### Task item
Starting with the line that has "JOSEPH Leather pants COLEMAN in brown" and finishing with the line that has "The Cloves And", set down each line below exactly. Pictures are not copied.

### Given records
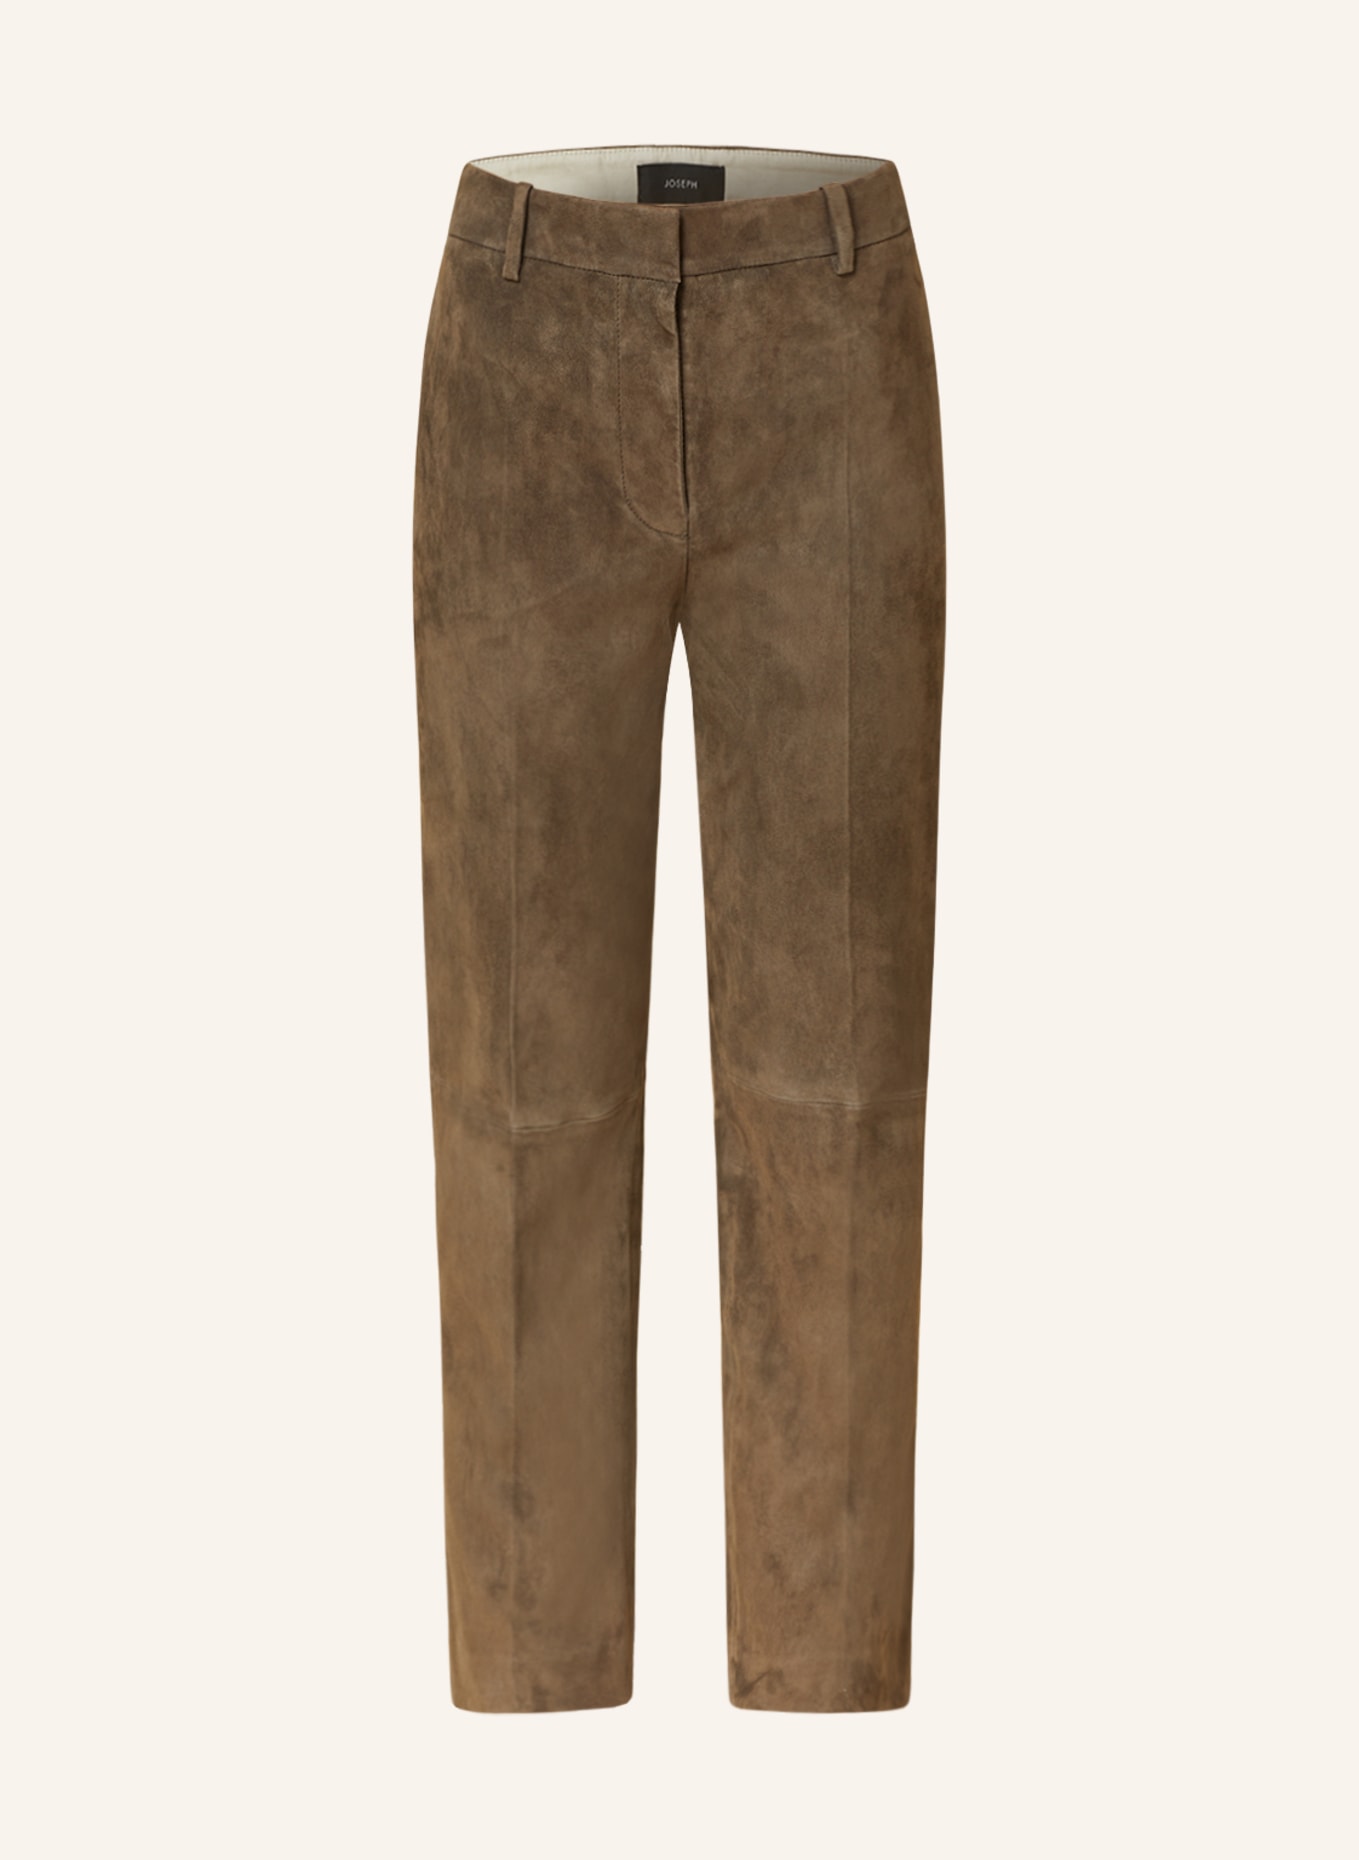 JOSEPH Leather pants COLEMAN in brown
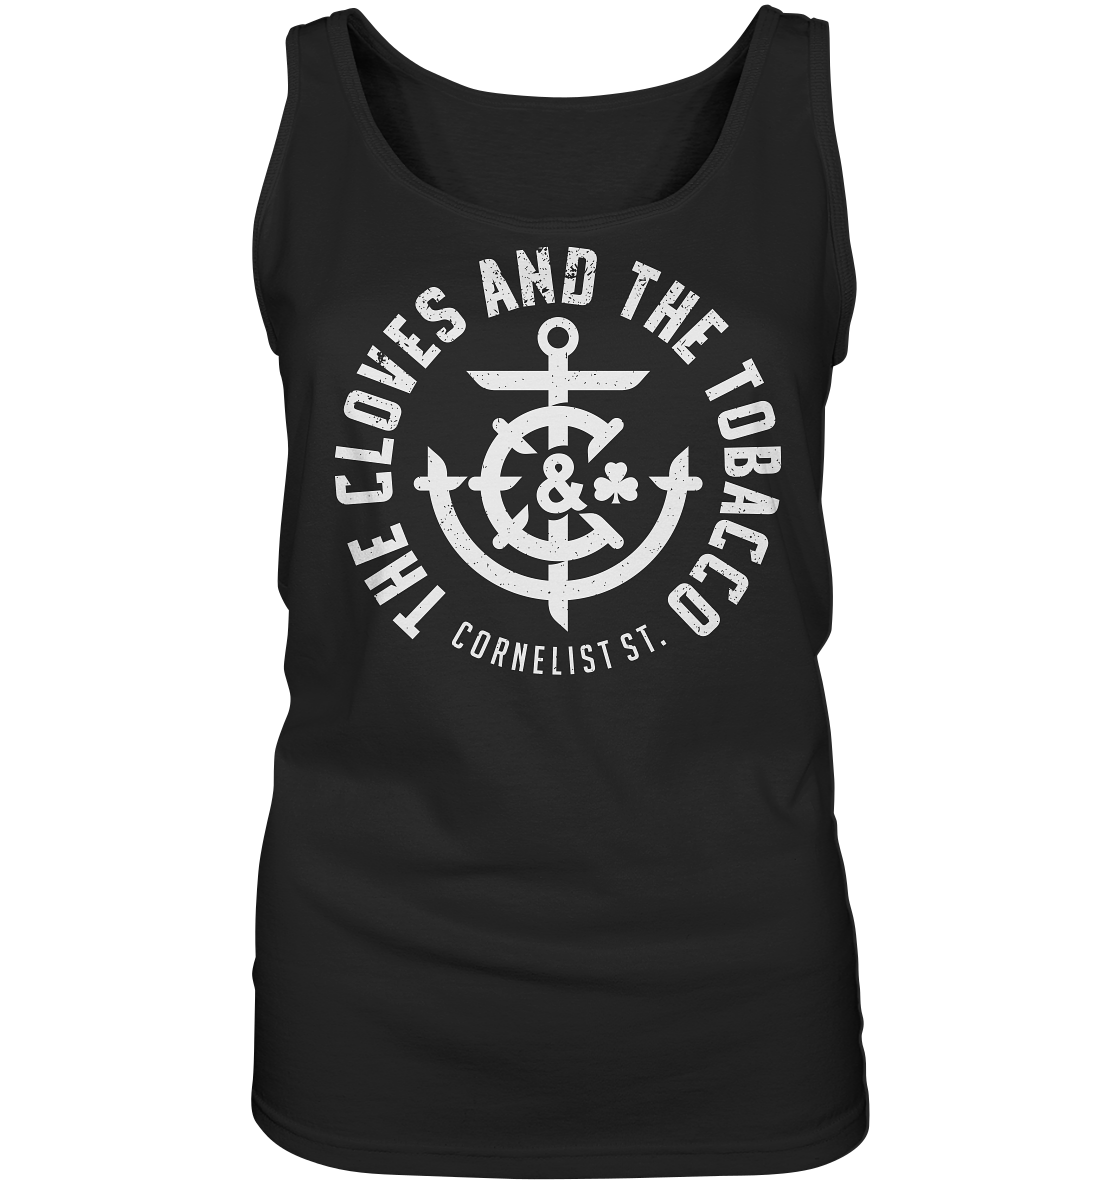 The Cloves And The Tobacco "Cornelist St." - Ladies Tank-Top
--
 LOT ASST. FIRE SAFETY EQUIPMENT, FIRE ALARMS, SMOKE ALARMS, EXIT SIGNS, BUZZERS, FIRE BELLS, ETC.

### Result
 JOSEPH Leather pants COLEMAN in brown
 The Cloves And The Tobacco "Cornelist St." - Ladies Tank-Top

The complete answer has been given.